Opposing defenses have been gearing themselves towards stopping big-play threats in Greg Jennings and Jermichael Finley, and Driver has been the beneficiary.
Driver’s yardage totals haven’t jumped off the page, but he has scored a touchdown in three of the Pack’s first four games.
With no rushing attack to speak of, Aaron Rodgers is going to continue to throw, throw, and throw some more.
Driver is reliable.
Percy Harvin, WR, Minnesota Vikings
Other than America’s favorite gunslinger, I think Percy Harvin is the player that gains the most with Randy Moss coming back to Minneapolis.
With Moss receiving the majority of the attention from opposing defenses, there should be much more room for Harvin to operate than he’s seen so far this season.
He excelled in the slot role with Sidney Rice as the deep threat last season, and I see no reason to think differently with Moss out there.
Teams will still have to worry about tight end Visanthe Shiancoe down the seam, and Harvin, as we saw last week, is explosive enough to break any play at any time.
Zach Miller, TE, Oakland Raiders
Miller enjoyed a big, 11-catch, 122-yard performance against Houston, and he’s scored in each of the first two games in which Bruce Gradkowski has started.
Clearly, these two have some chemistry going here.
With Oakland’s receivers not as useless as we’ve seen in recent years, Miller won’t be the only guy receiving attention from the defense.
As long as Gradkowski is the guy in Oakland, I’m high on Zach Miller.
Matt Schaub, QB, Houston Texans
Wait, the NFL’s leading passer from 2009 is on the “fallers” list?
Yes, but it has very little to do with Schaub’s personal performance thus far.
With injury concerns to Andre Johnson, Jacoby Jones, and Owen Daniels, Houston’s passing attack may not be what we’re used to seeing in the coming weeks.
Combine that with the amazing fact that Houston, who ranked 30th in the league in rushing in ’09, is the NFL’s top rushing attack through the first four weeks of 2010.
With the way Arian Foster has looked, there’s no reason at all to think that’s going to change anytime soon.
I’d still have a tough time benching Schaub, but his numbers won’t be as gaudy as they were last season.
Jonathan Stewart, RB, Carolina Panthers
I’ve always been a big fan of Stewart, but this season, he’s been all-but useless.
His fantasy numbers looked good last week, but, if you take away the fluke, broken-play 55-yard TD catch, he had just 21 total yards.
That’s not getting it done, and, with the way DeAngelo Williams showed signs of life against the Saints, I still expect Stewart to struggle for looks.
With the dire situation in the receiving corps, the Panthers should be running the ball like crazy.
However, until I see that Stewart can be the guy we saw last year, I’m not buying.

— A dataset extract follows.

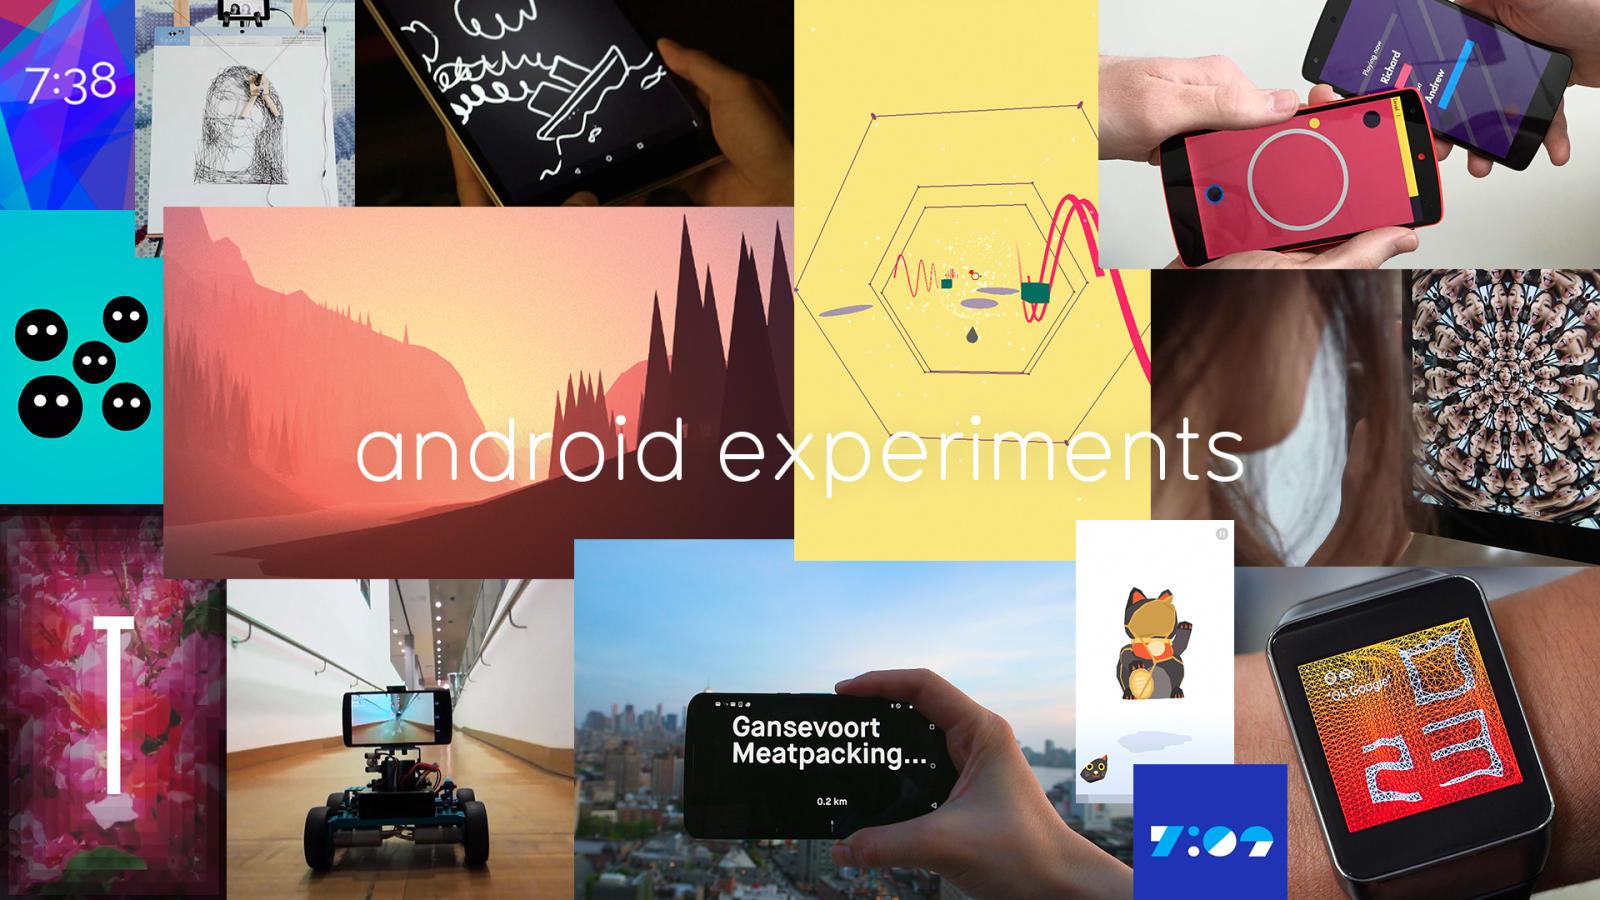 グーグルによるAndroid Experimentsはプログラマーの新しい遊び場

Since rushing for over 1,000 yards and scoring 15 touchdowns in 2008, Jacobs’ career has taken a sharp downturn. His head also appears to be in the wrong place, and until he frees himself from Tom Coughlin’s doghouse, there isn’t much value here.

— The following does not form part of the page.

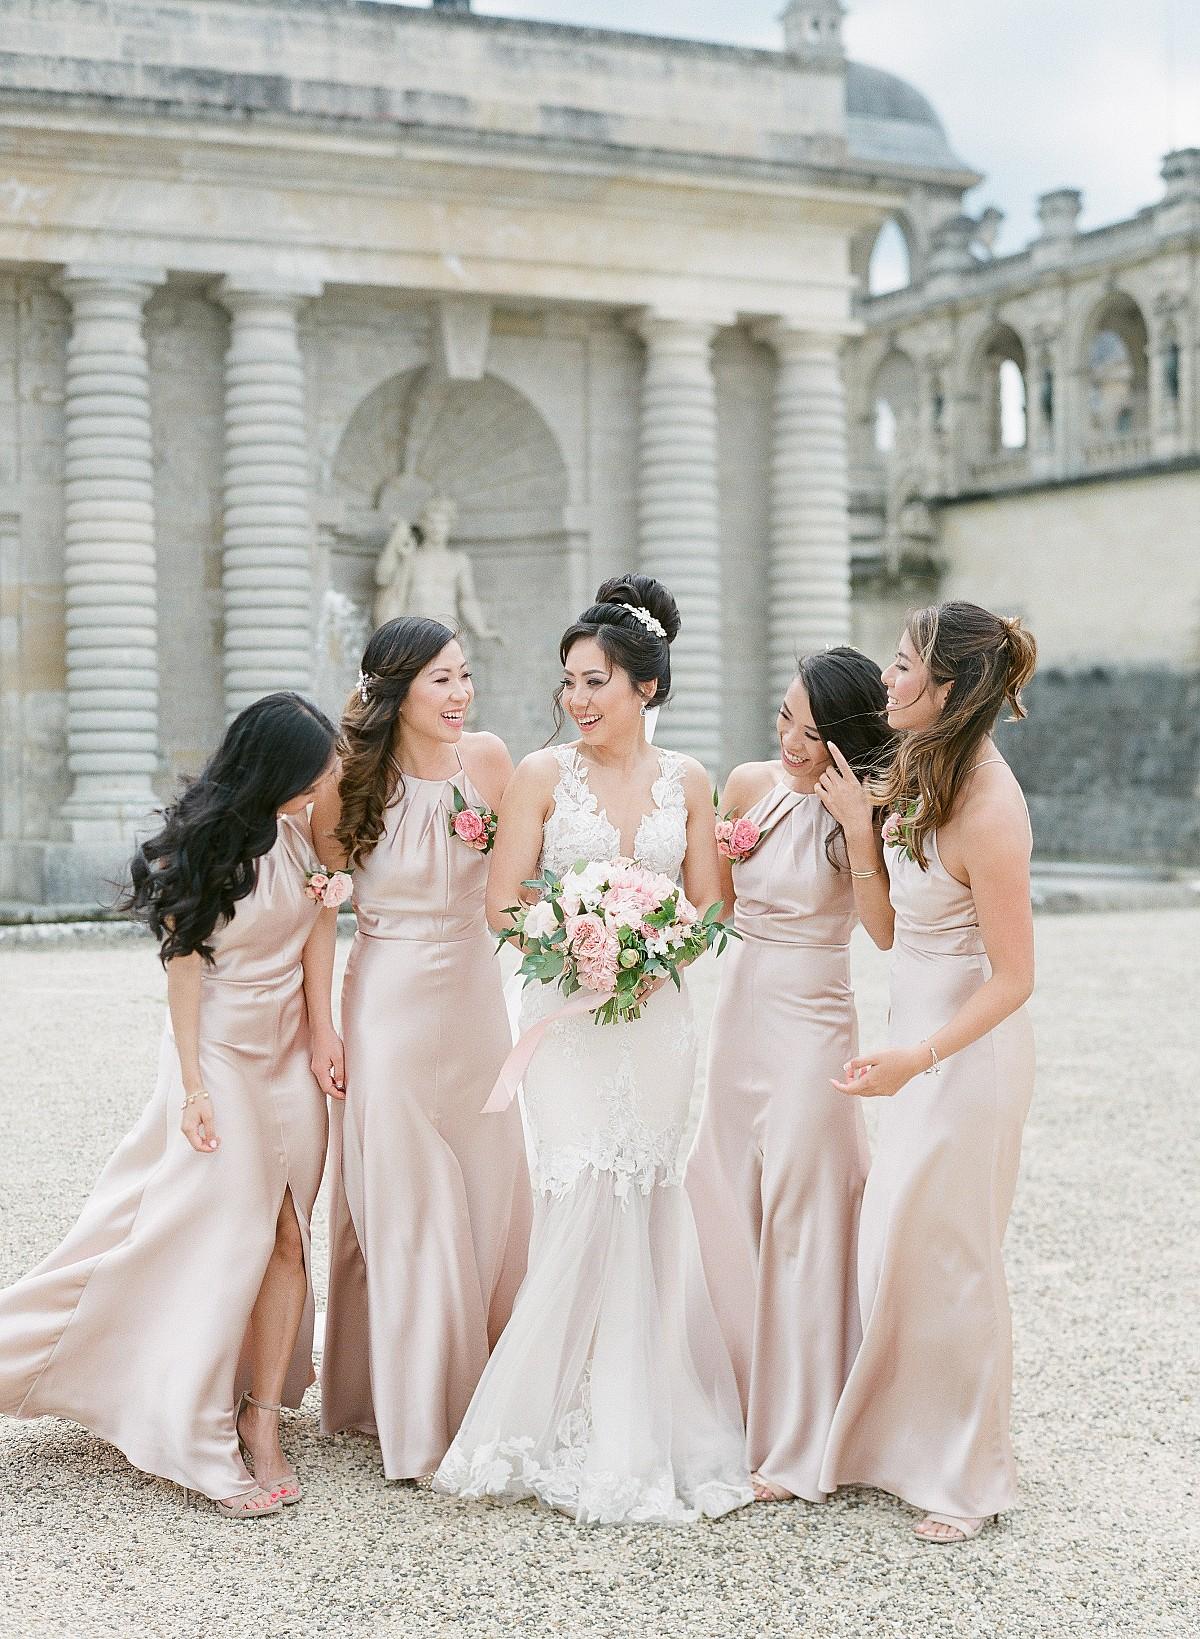 satin bridesmaids dresses

Mike Sims-Walker, WR, Jacksonville Jaguars
MSW made like Randy and Santana Moss in week four, catching a total of zero passes for the second time in four games.
With Mike Thomas and Marcedes Lewis emerging in the passing game, Sims-Walker’s role appears to be diminishing at a rapid rate. He’s got lots of talent, but very little to show for it.

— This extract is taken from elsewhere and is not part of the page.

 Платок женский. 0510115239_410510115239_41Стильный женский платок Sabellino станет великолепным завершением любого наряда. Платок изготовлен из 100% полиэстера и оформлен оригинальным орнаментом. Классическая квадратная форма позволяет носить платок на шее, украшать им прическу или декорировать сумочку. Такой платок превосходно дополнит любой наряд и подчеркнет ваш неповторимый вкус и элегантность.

Louis Murphy, WR, Oakland Raiders
Murphy has a shoulder injury, and with the aforementioned rapport developing between Gradkowski and Zach Miller, the receiver’s fantasy stock has taken a hit. While he’s still likely the No. 1 receiver, he won’t be getting the majority of the targets.
When healthy, he’s dangerous. Since he isn’t healthy, he isn’t particularly dangerous.
Owen Daniels, TE, Houston Texans
I think Daniels will come around as the season progresses, but for now, you’re not getting much from him.